Une femme, ailleurs: María Burgaz, de Madrid

S’entretenir avec María fait l’effet d’une méga dose de vitamines. Rencontre avec une artiste peintre exubérante, au dynamisme contagieux, qui vit intensément dans le moment présent. Comme elle le dit si bien, «j’ai la chance d’être qui je suis, d’être où je suis!».

Propos recueillis par MJ Desmarais  Photos Chantale Lecours



Qui es-tu, María?Je peins depuis toujours. Je suis mère de deux adolescentes qui traversent cette phase où elles ont toujours le nez dans leur téléphone, et je suis, oui, mariée avec leur père: nous formons donc la famille espagnole typique! J’habite Madrid, j’aime passionnément ma ville. Je suis une personne heureuse qui voit le côté positif des choses, du moins je le crois.
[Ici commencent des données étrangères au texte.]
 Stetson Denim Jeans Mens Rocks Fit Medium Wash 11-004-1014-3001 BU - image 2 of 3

Un parti-pris pour la couleur
J’ai commencé à peindre de façon classique, à l’huile. Au fil du temps, j’ai ajouté l’acrylique, des collages de magazines ou de journaux. Ce que j’aime, maintenant, c’est qu’on peut apprécier ma peinture différemment selon qu’on l’observe à distance, sur le Web ou de près. L’expérience est très différente – les variations de textures, les volumes causés par le collage, l’acrylique, l’émail ou même la broderie ne sont perceptibles qu’à proximité. Toutes ces techniques rendent mes tableaux plus riches, plus vibrants, plus vivants.
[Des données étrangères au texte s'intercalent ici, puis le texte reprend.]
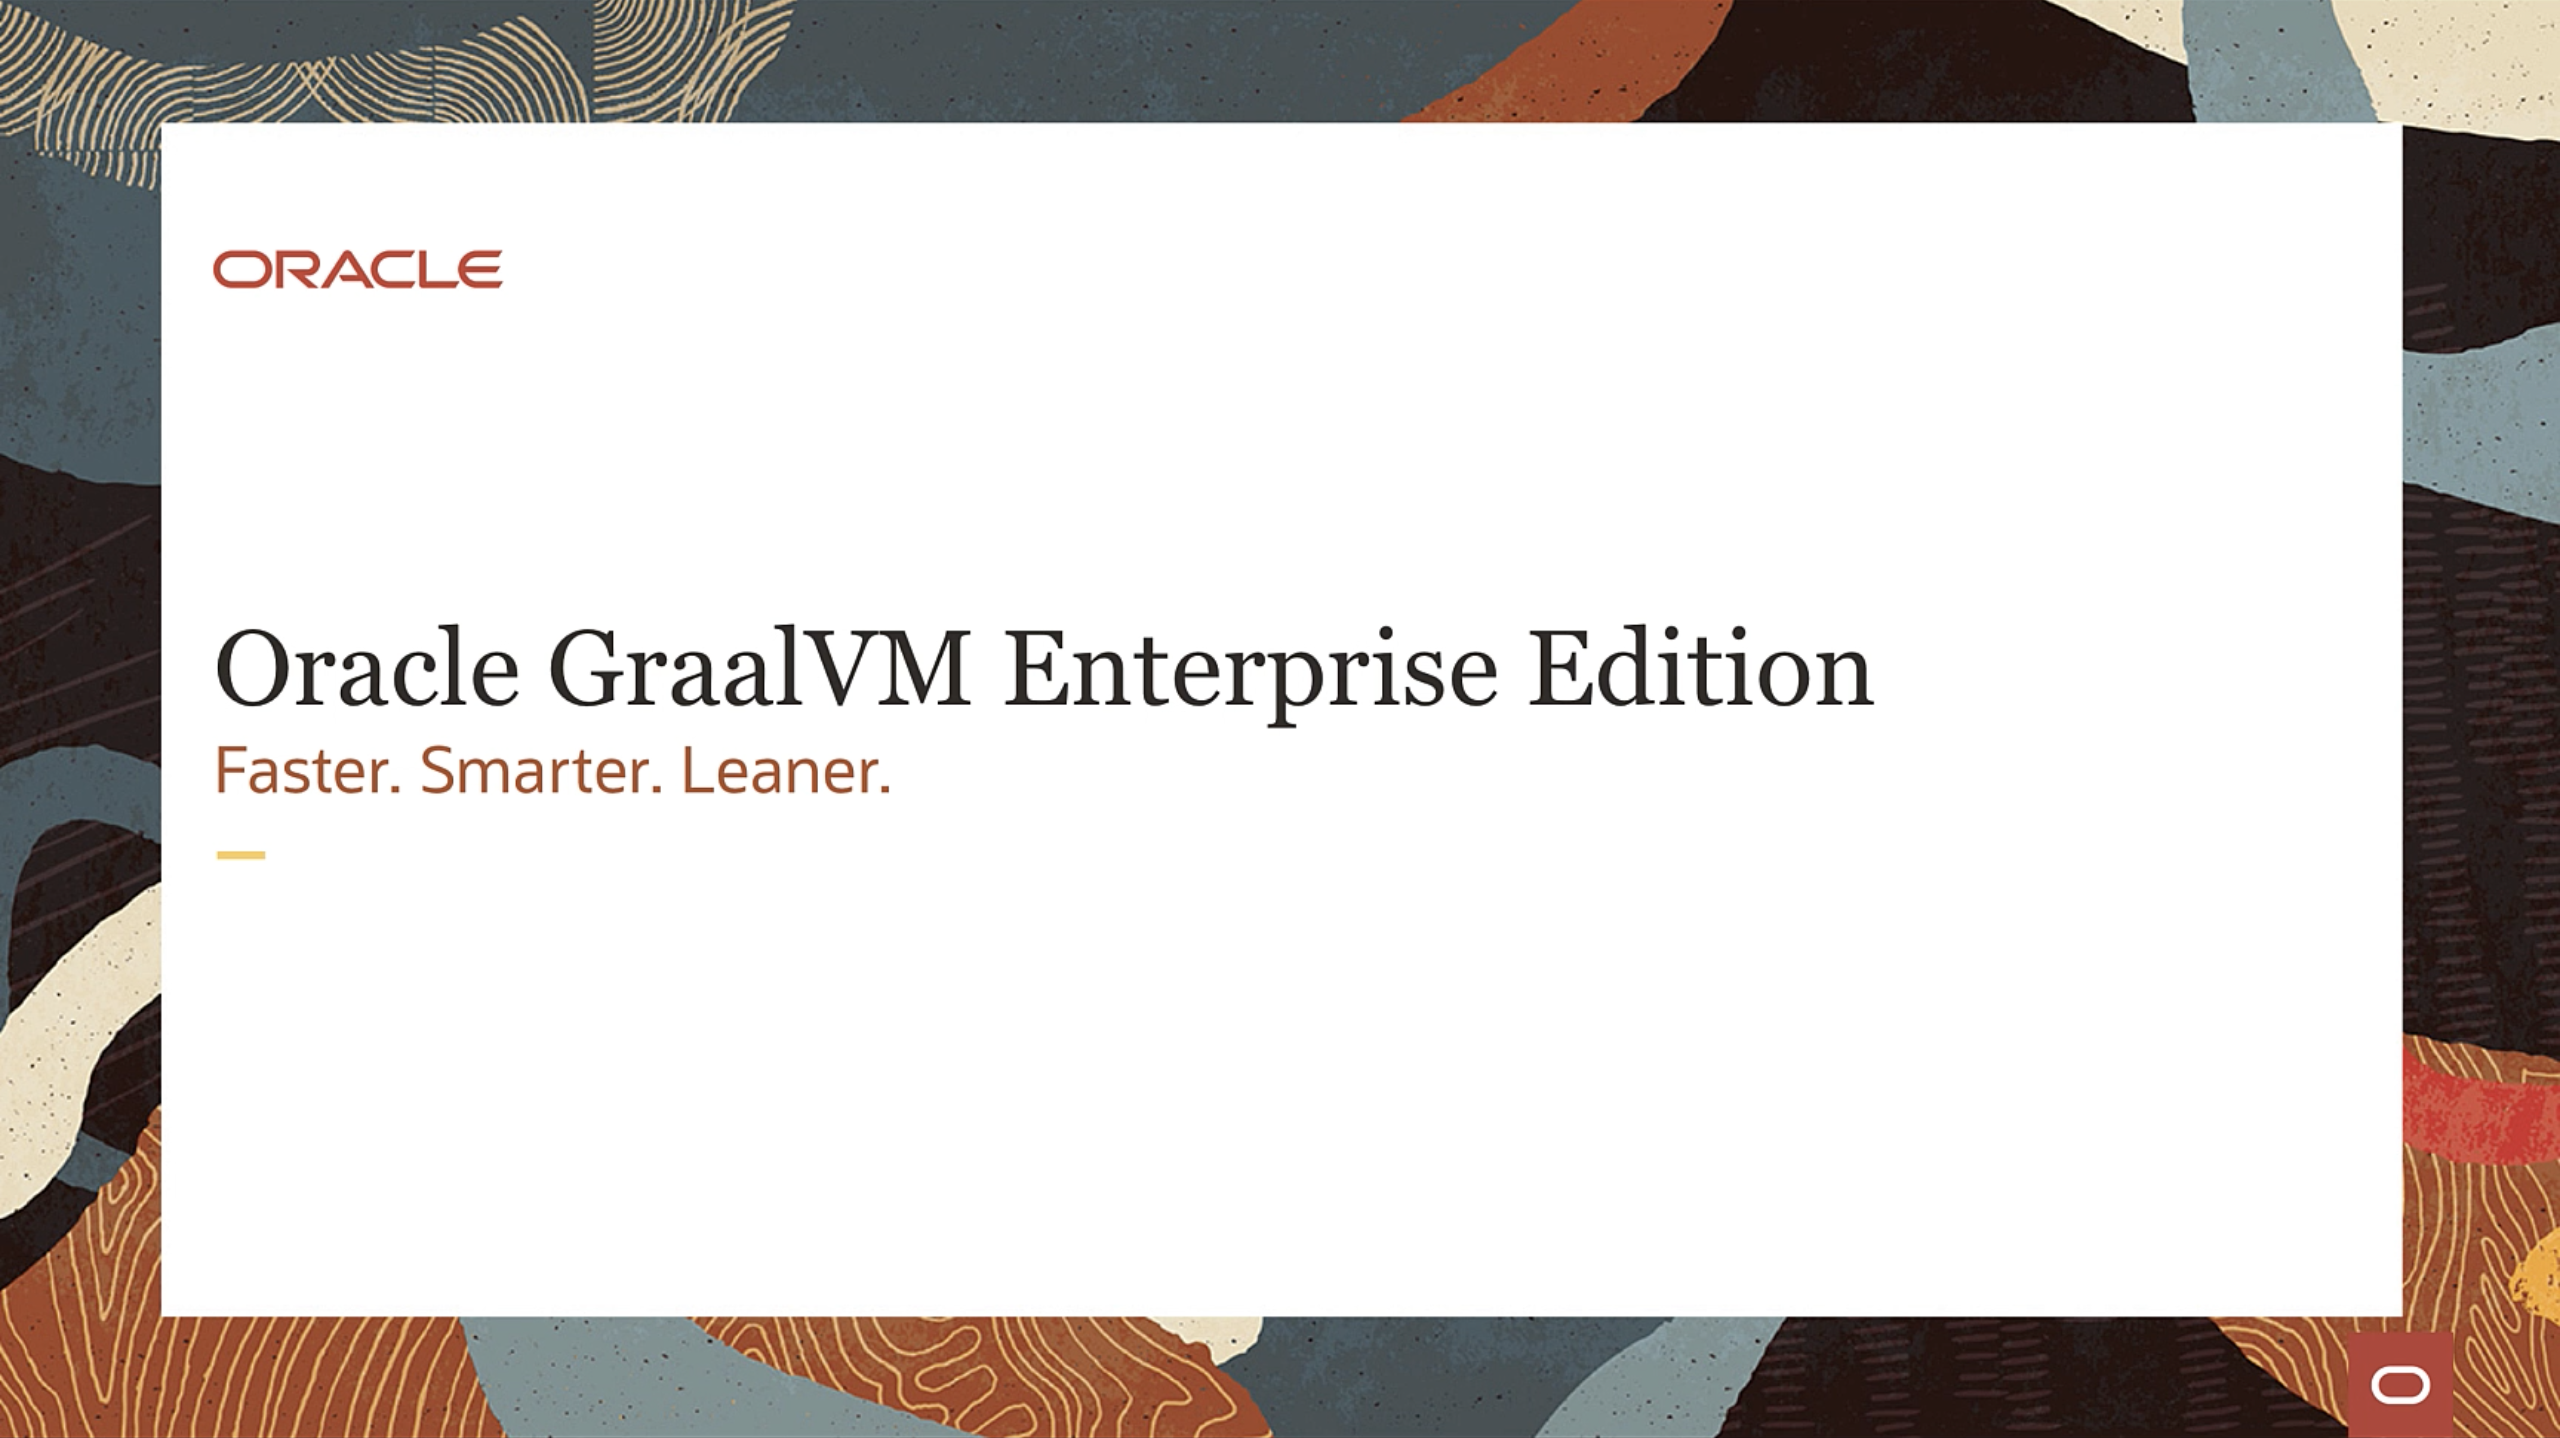 Screenshot 2020 10 10 at 20.22.08 - Webcast: GraalVM Enterprise Overview and Demo

Ce qui sort de moi est toujours très coloré. J’ai déjà essayé de baisser le ton, de peindre des choses plus simples, plus sobres, de ne pas exprimer autant de choses à la fois. Impossible! Mes tableaux sont comme ma personnalité, mes vêtements, ma maison – tout est haut en couleur. Mon travail est le reflet de qui je suis. Il est aussi le reflet de qui j’ai été et de qui je veux être, il ne pourrait en être autrement. Je suis le produit de l’époque dans laquelle je vis et j’évolue, et aussi de celle où mes parents ont vécu et évolué, et tout ça se télescope dans le passé, dans ce qu’on a appris en lisant des livres, en fréquentant des musées.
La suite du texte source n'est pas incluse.